* **Data to process**
################

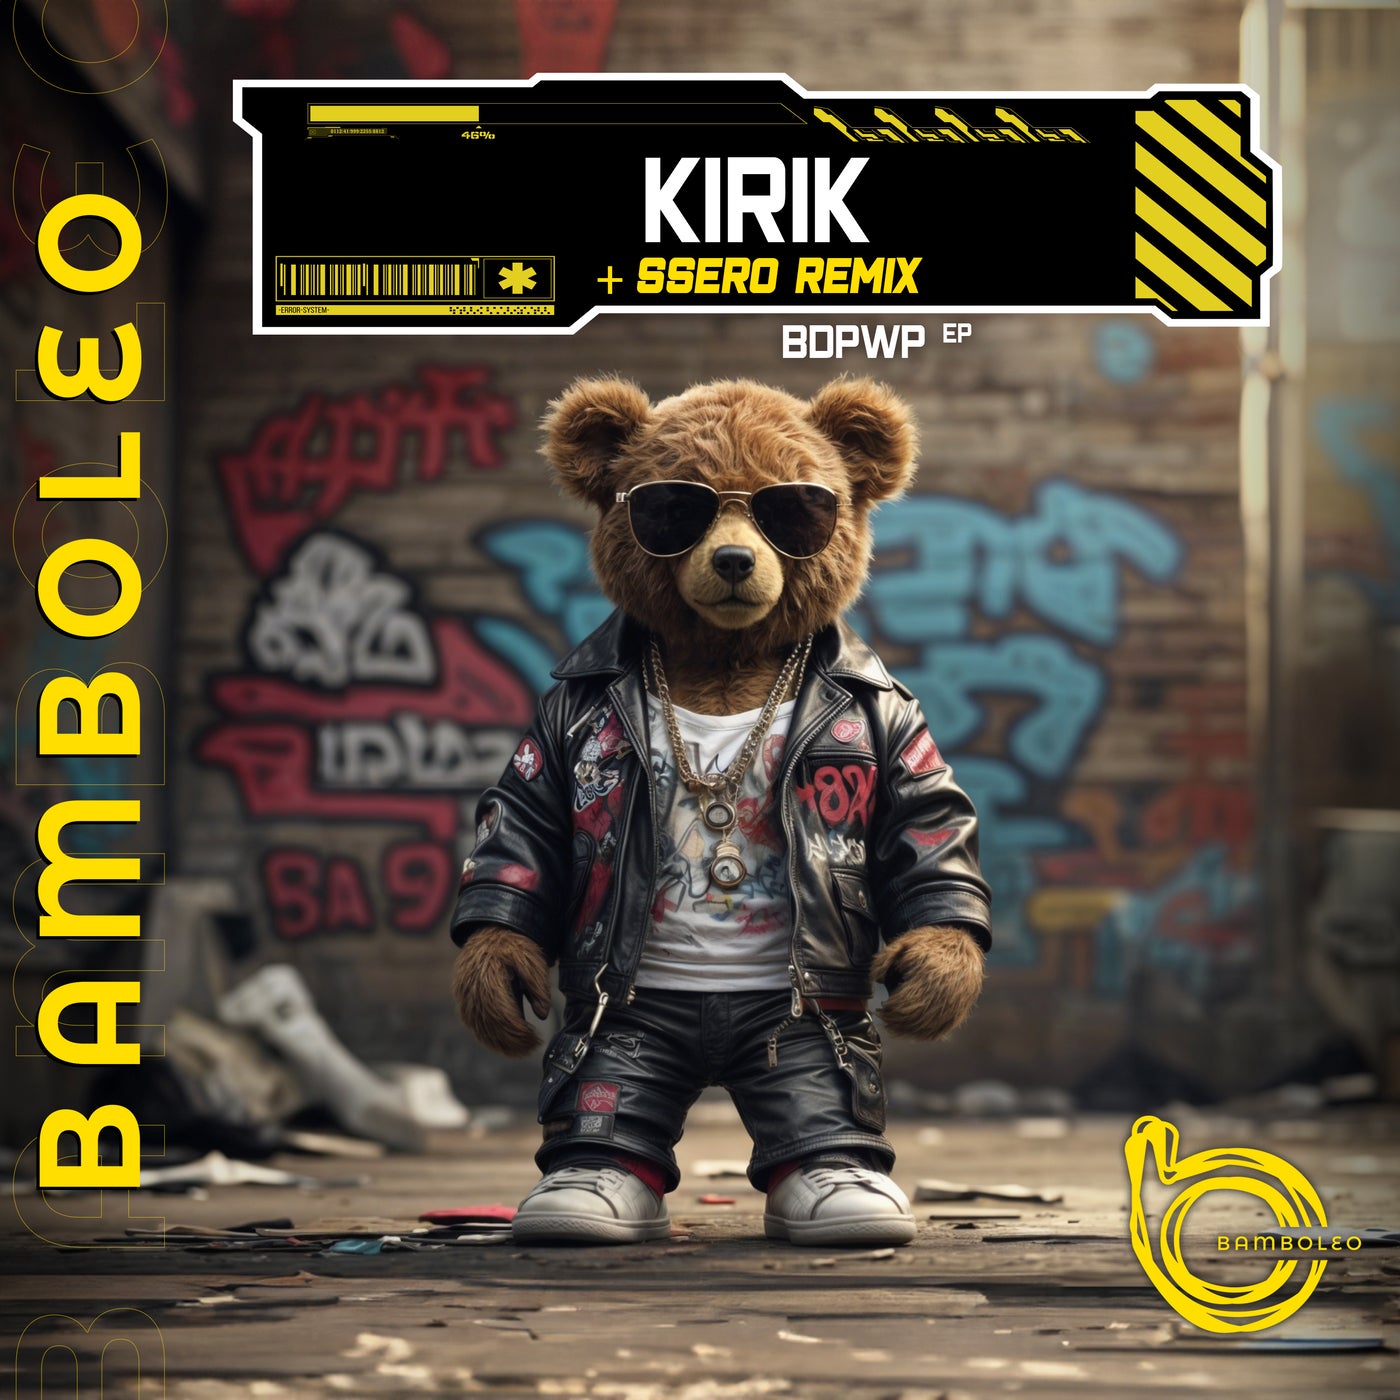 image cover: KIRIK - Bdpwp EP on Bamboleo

################

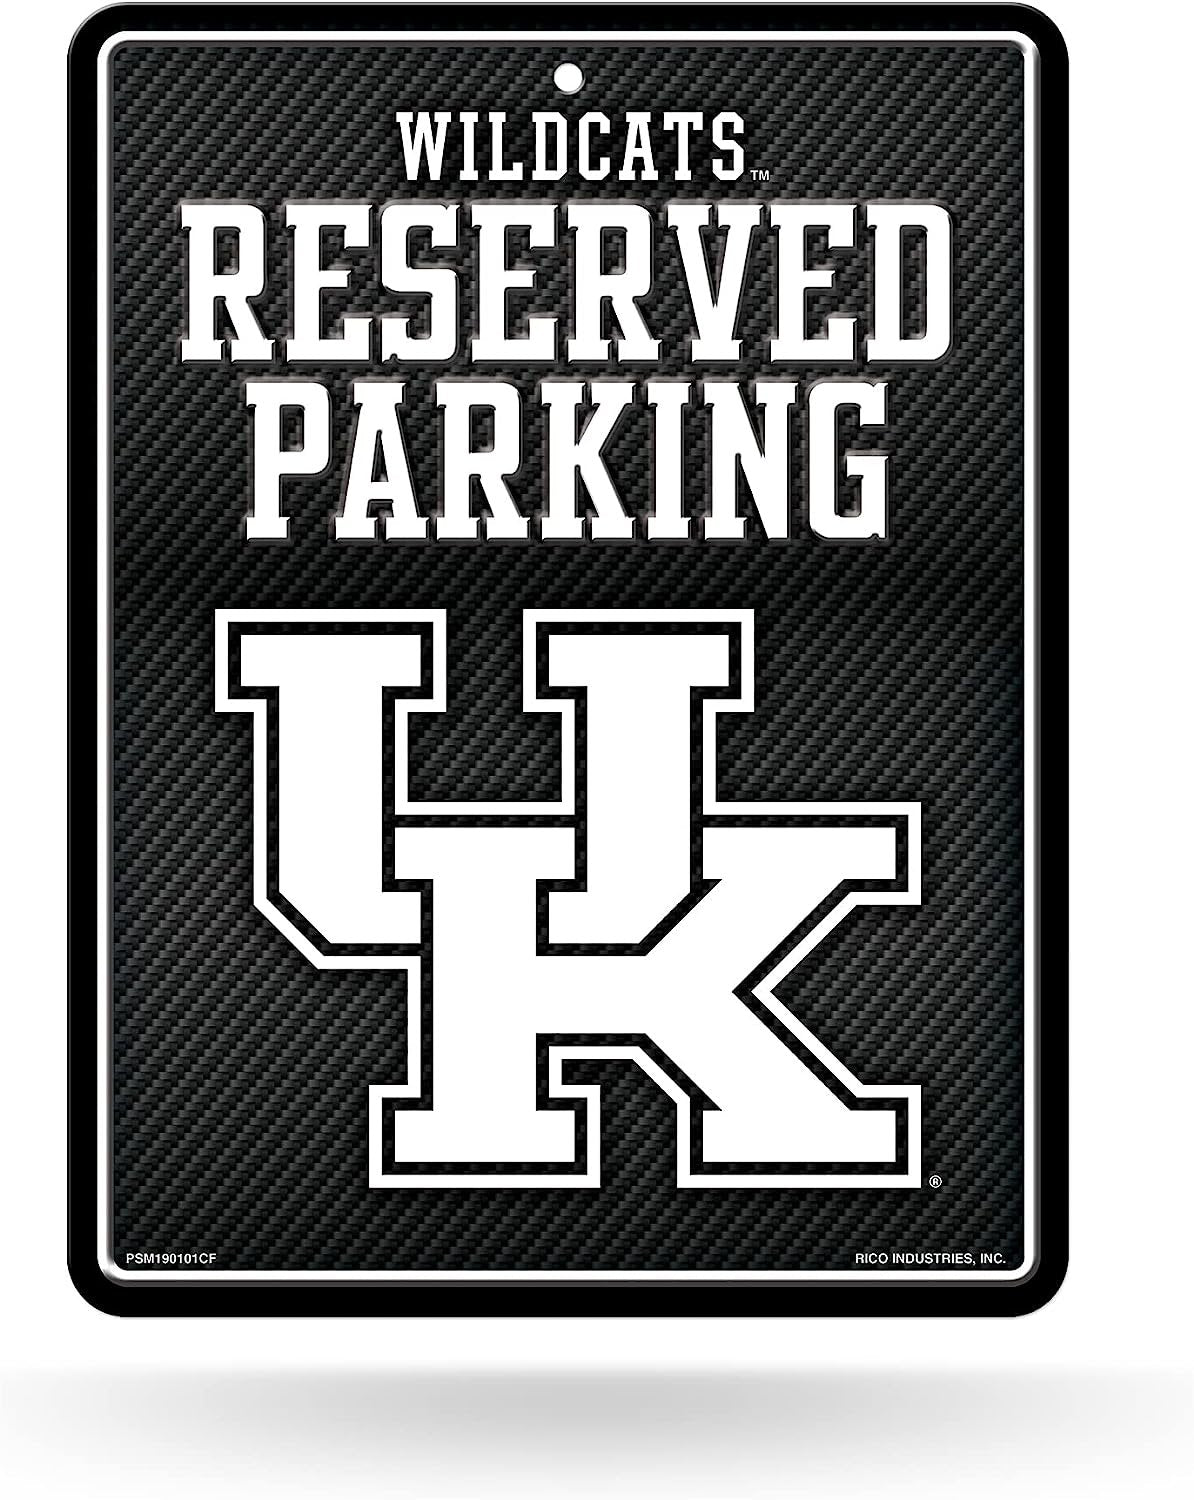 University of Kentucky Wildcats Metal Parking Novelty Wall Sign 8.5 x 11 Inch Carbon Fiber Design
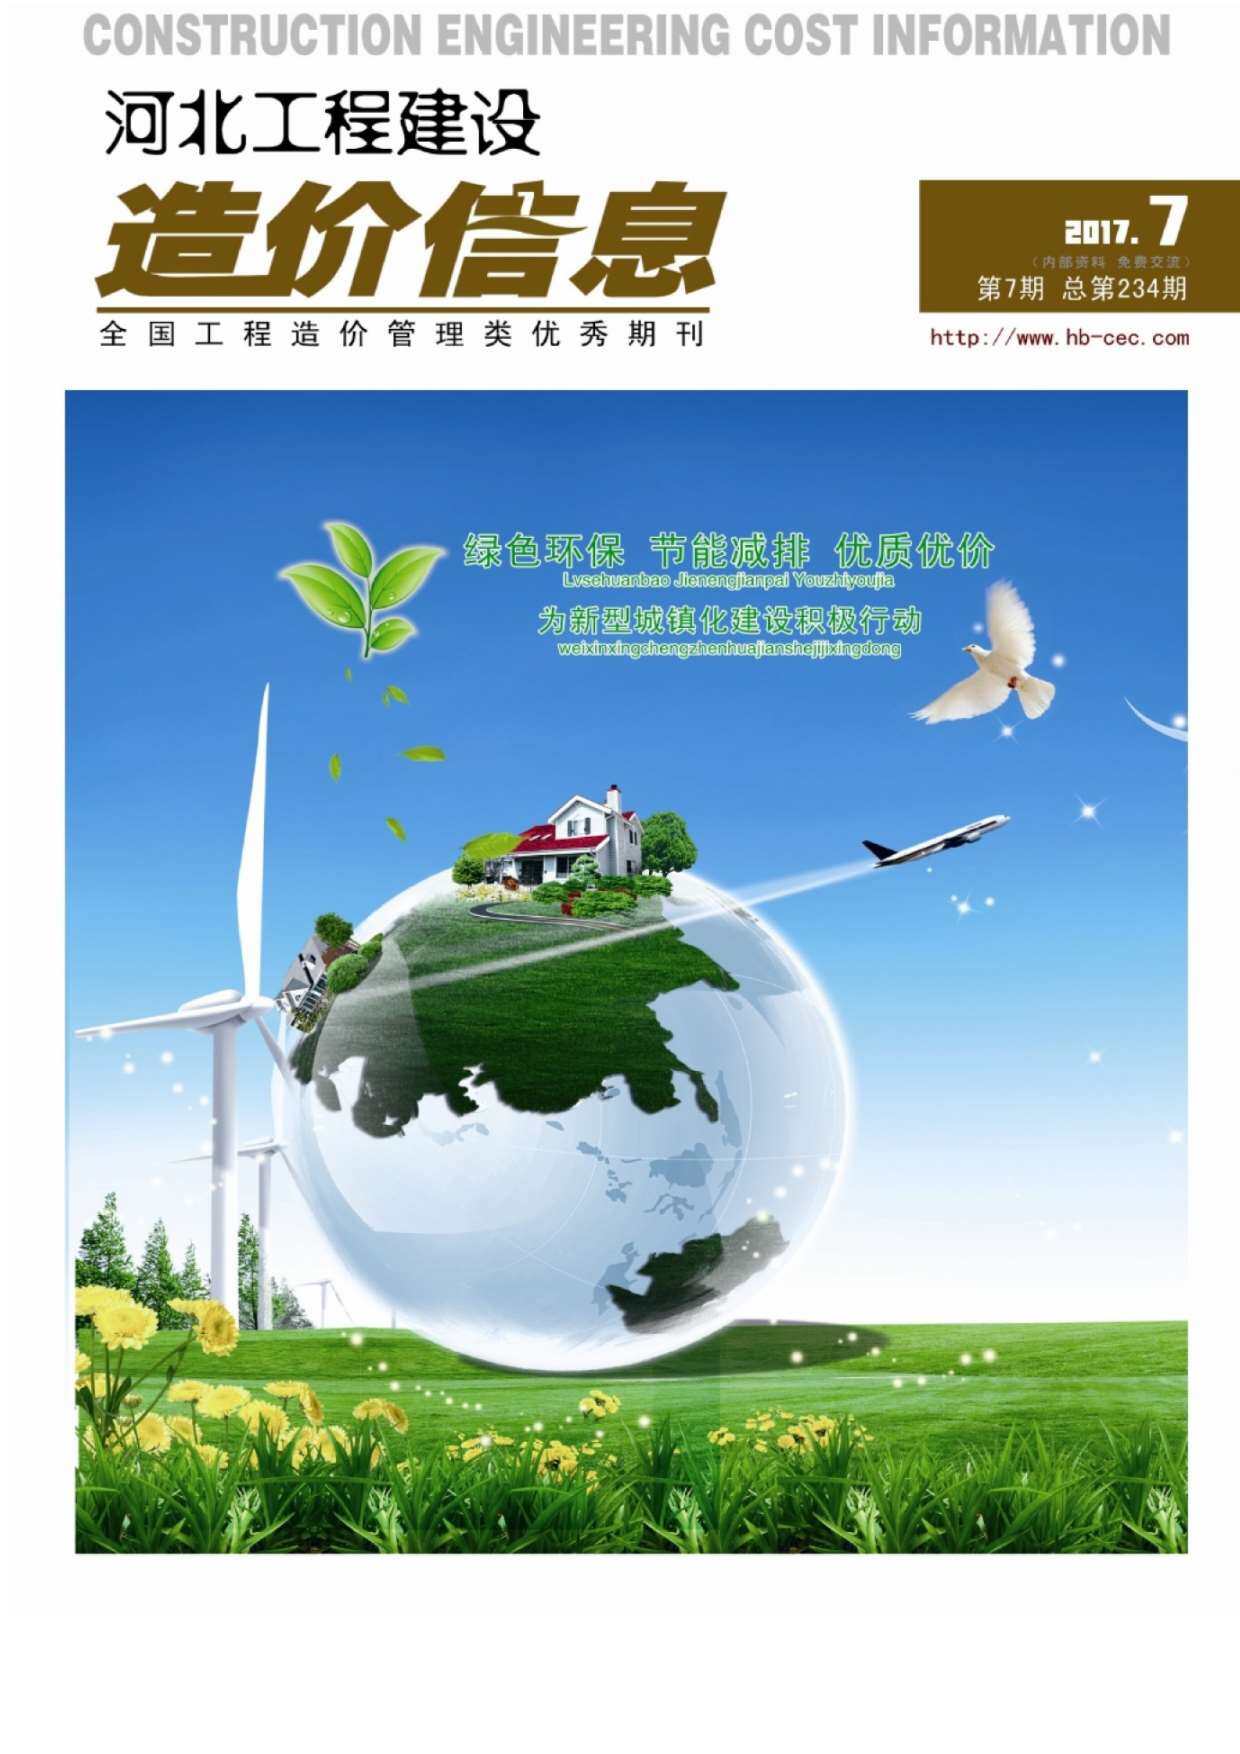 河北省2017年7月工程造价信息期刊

################

* **Work required**
Copy out the listing above from the line containing "University of Kentucky" to the line containing "河北省2017年7月工程造价信息期刊", both included, exactly as written and minus the images.

* **Exercise solution**
 University of Kentucky Wildcats Metal Parking Novelty Wall Sign 8.5 x 11 Inch Carbon Fiber Design
 河北省2017年7月工程造价信息期刊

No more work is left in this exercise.